Le vrai coût d'un échographe : le coût total de possession (TCO)
Le prix d'achat n'est que la partie visible. Pour juger la rentabilité d'un échographe, il faut raisonner en coût total de possession (TCO) : tous les frais sur la durée de vie de l'appareil. Voici les postes à intégrer pour ne pas avoir de mauvaise surprise.
Les postes du TCO
| Poste | De quoi s'agit-il |
|---|---|
| Acquisition | Prix d'achat (neuf, occasion ou reconditionné) ou loyers de financement. |
| Sondes | Souvent le poste caché le plus lourd : achat de sondes complémentaires, remplacement et réparation. Une sonde est fragile et coûteuse. |
| Entretien courant | Étonnamment léger : nettoyage de la console et des sondes, dépoussiérage des aérations (de l'ordre d'une fois par an). Le praticien peut le faire lui-même. |
| Assurance | Le poste vraiment utile : couvre la casse et le vol — en particulier celle d'une sonde, fragile et coûteuse. |
| Consommables | Gel, housses de sonde, papier d'imprimante, etc. |
| Mises à jour | Logiciels, nouvelles applications de mesure. |
Les sondes : le poste à surveiller
Les sondes représentent un poste majeur, à l'achat comme au remplacement. Elles sont sensibles aux chocs et à l'usure ; une sonde bien entretenue dure plusieurs années, mais son remplacement coûte cher. Bonne nouvelle : la réparation ou le reconditionnement d'une sonde peut permettre d'économiser fortement par rapport à l'achat d'une sonde neuve. Anticiper ce poste évite de plomber la rentabilité en cours de route.
La maintenance : plus simple qu'on ne croit
Contrairement à d'autres équipements d'imagerie, un échographe demande très peu d'entretien. En pratique : nettoyer la console et les sondes après usage, dépoussiérer les aérations environ une fois par an, et prendre soin des sondes (rangement, protection contre les chocs). Le praticien peut faire l'essentiel lui-même — ni consommable lourd, ni calibrage complexe au quotidien.
Un contrat de maintenance n'est donc pas indispensable pour la console. Il peut garder un intérêt ponctuel pour la couverture des sondes ou un prêt de matériel en cas de panne, mais ce n'est pas le poste qui pèse sur le budget.
L'assurance : là, ça vaut le coup
Le vrai risque financier n'est pas l'usure : c'est l'accident. Une sonde qui tombe, un vol au cabinet — et la facture grimpe vite. Assurer le matériel (casse et vol, sondes incluses) coûte peu au regard de ce que représente une seule sonde. C'est, de loin, la dépense de protection la plus rentable.
Intégrez vos coûts dans le calcul de rentabilité
Le simulateur prend en compte l'investissement (machine + accessoires) et le mode de financement pour estimer votre surplus net et votre amortissement réels.
→ Ouvrir le simulateur de rentabilitéQuestions fréquentes
La maintenance d'un échographe, c'est contraignant ?
Non. L'entretien est basique : nettoyage, dépoussiérage des aérations environ une fois par an et soin des sondes — le praticien peut le faire lui-même. Un contrat de maintenance n'est pas indispensable pour la console.
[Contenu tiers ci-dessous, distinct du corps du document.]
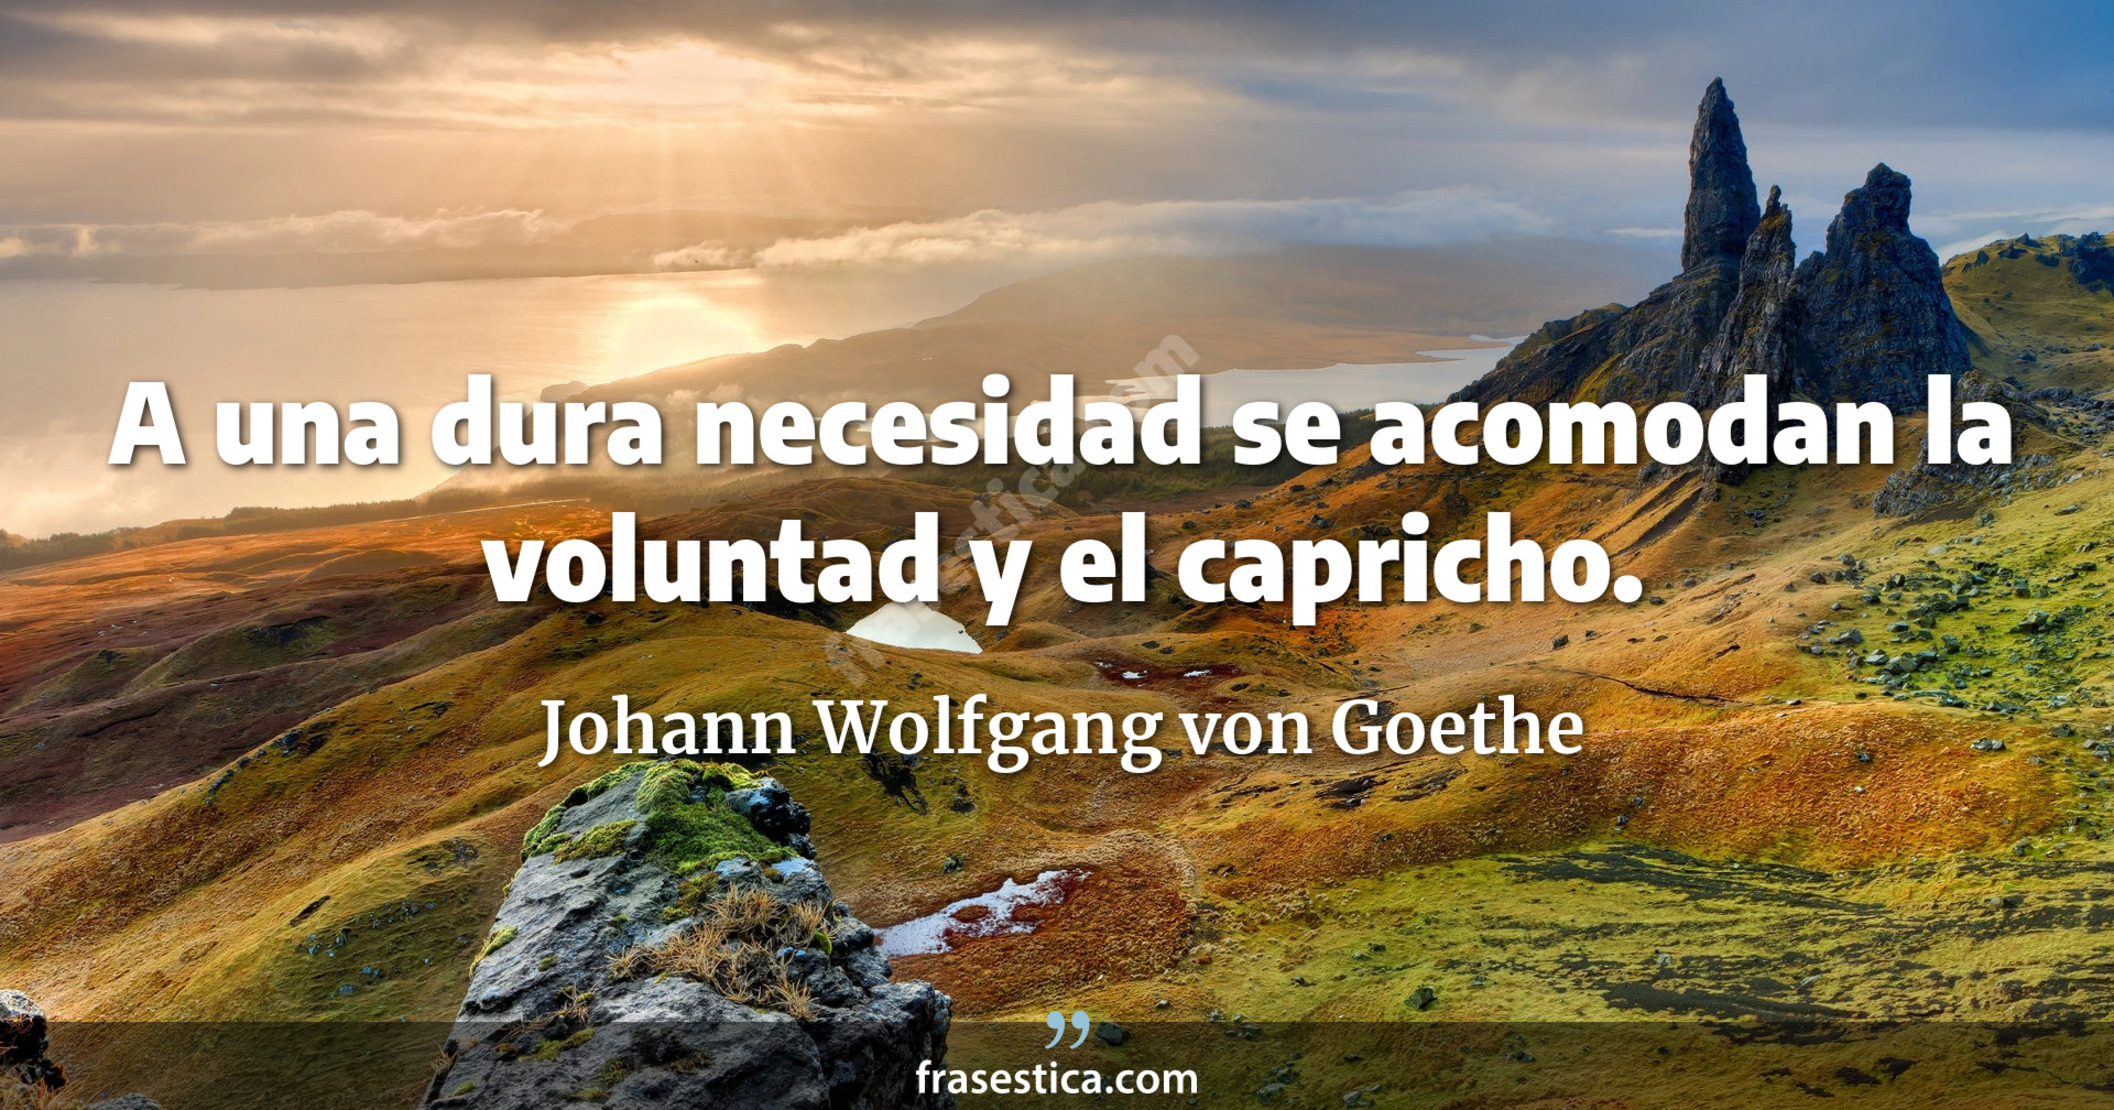 A una dura necesidad se acomodan la voluntad y el capricho. - Johann Wolfgang von Goethe
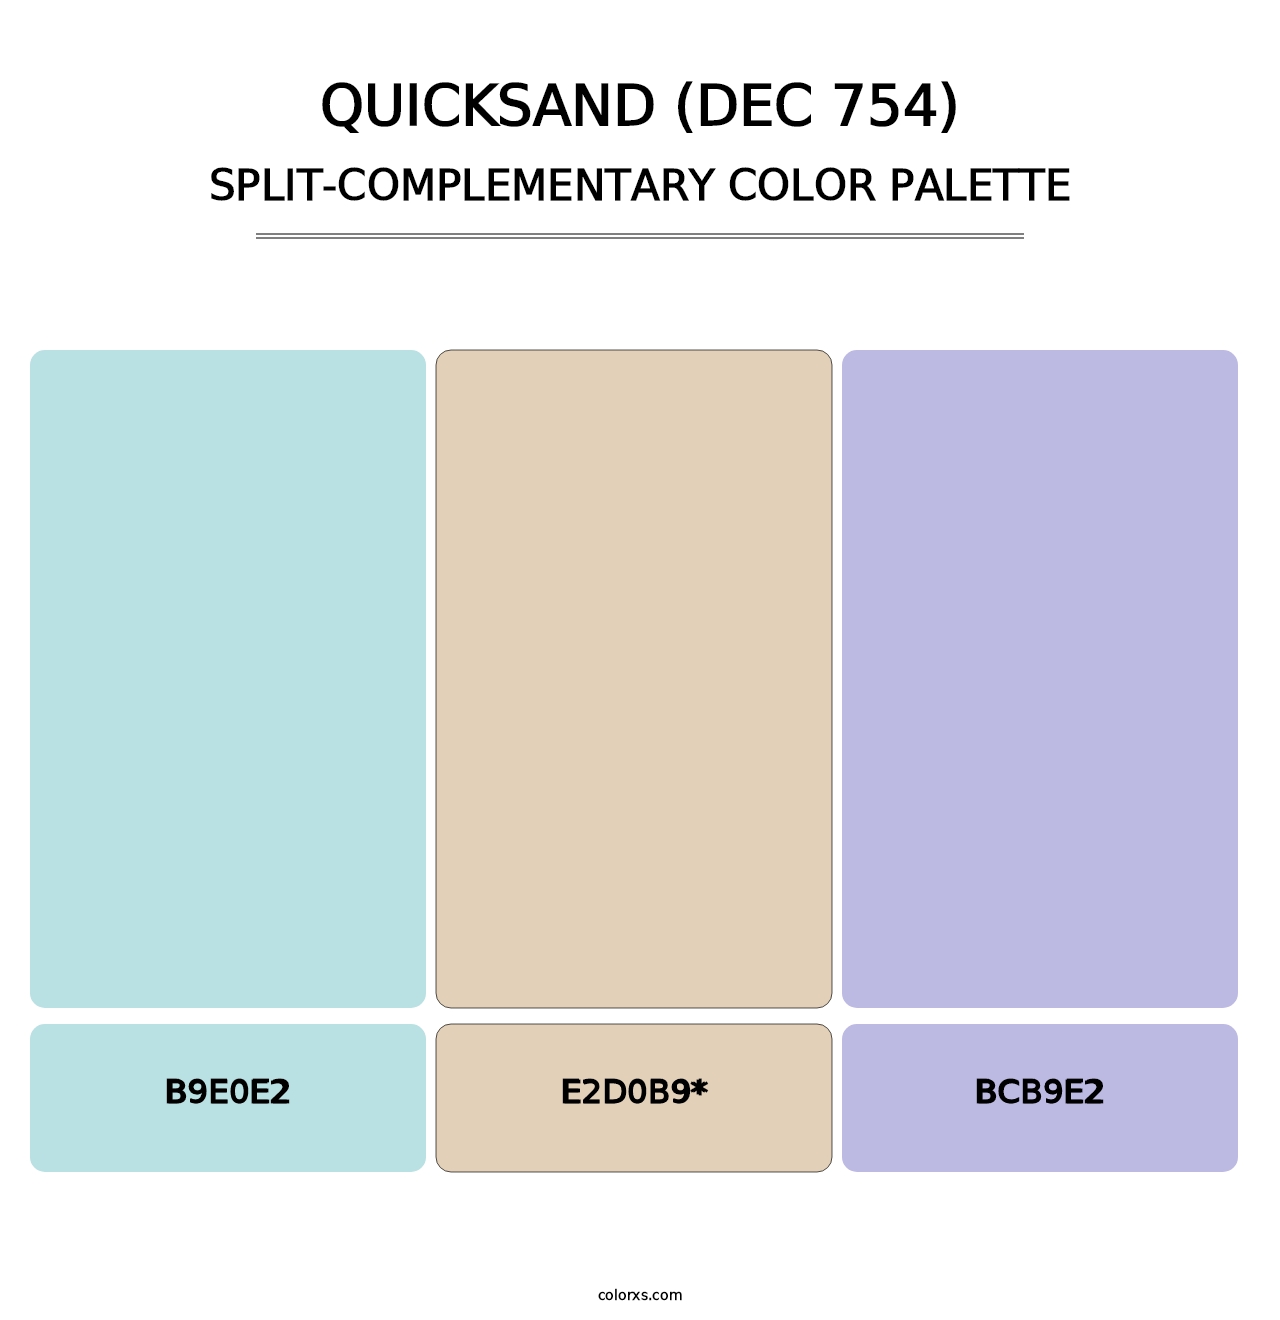 Quicksand (DEC 754) - Split-Complementary Color Palette

Faut-il assurer son échographe ?
Oui, c'est le réflexe le plus rentable : l'assurance casse/vol couvre notamment les sondes, dont le remplacement coûte cher. Pour un coût modeste, elle évite une très grosse dépense imprévue.
Comment réduire le TCO ?
Choisir un reconditionné usine (sondes neuves, garantie), entretenir et protéger les sondes, et assurer le matériel. La maintenance courante, elle, reste légère.
Sources : distributeurs et reconditionneurs d'échographie (garanties, entretien courant, reconditionnement et réparation de sondes), guides d'achat sectoriels. Valeurs indicatives — les coûts dépendent du modèle, du volume d'actes et de la couverture retenue.